The second is the gathering of newshounds, the paparazzi , with their long-distance telephoto lenses, their listening devices and their phone-tapping proclivities. These reporters dog the footsteps of very prominent people, such as the British royals. It so happens that two royal marriages have recently come on the rocks , with close friends of both parties involved in each case. For some weeks these stories sold millions of extra copies of the tabloids. There was much criticism in parliament, but nothing could be done; the stories were not denied. The editors claimed the right to publish on the ground that the stories were true, whatever methods were used to obtain them.

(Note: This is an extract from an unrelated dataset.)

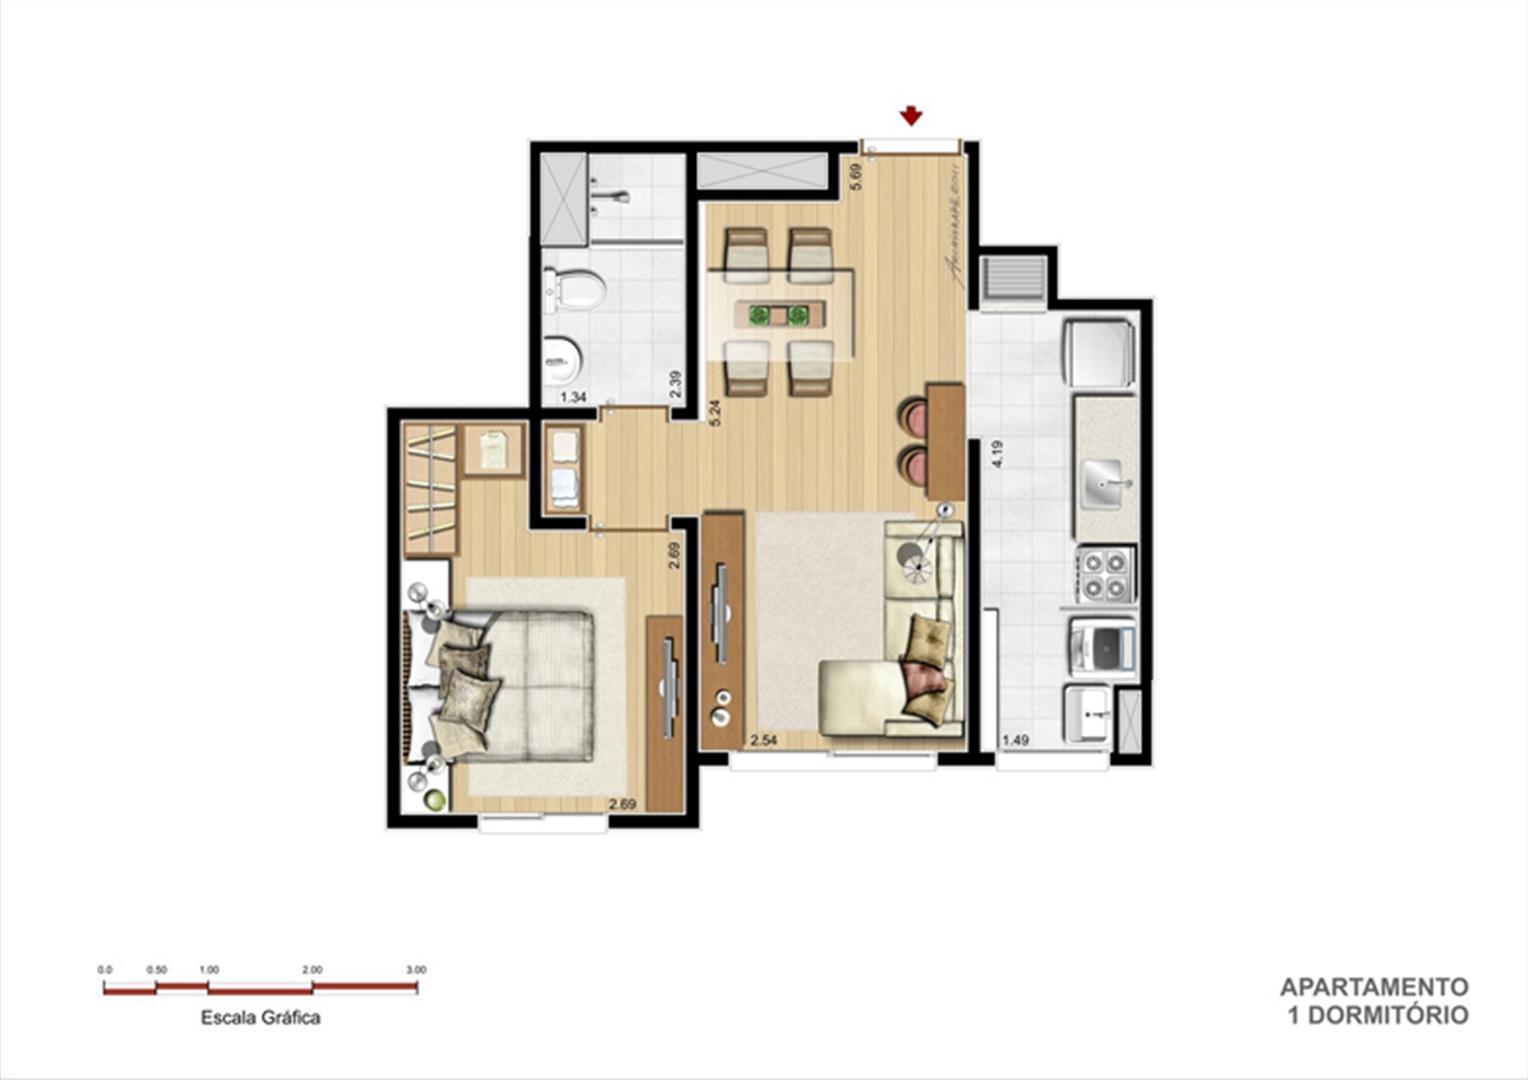 PLB - Tipo 1 dormitório | Supera Condomínio Clube – Apartamento na  Cavalhada - Porto Alegre - Rio Grande do Sul

Perhaps decency is the other issue. Some men like looking at nude women, and no doubt the regular ‘Page 3 girl’ sells many copies of the tabloids. The editors know exactly how far they can go without incurring the laws against pornography.
In Britain, complaints are heard by the Press Council, a self-governing but rather toothless body. Today there is a strong move to tighten controls by legislation, particularly in the case of infringement of privacy, and over the methods used to obtain information, particularly trespass. However, in any society there is always a demand for the sensational, and in a democracy repressive legislation is unwise. Part of the health of a good system lies in editorial freedom to criticize or applaud, and nobody should be exempted. After all, if there is nothing to bring into the open, there is no story. On the contrary, if there is real corruption, as in the cases of BCCI or Robert Maxwell, the press does the public a service by exposing the details.
Completely free is too sweeping a phrase. Yes, the press should be free, but subject to the controls mentioned above. Most democracies get it almost right.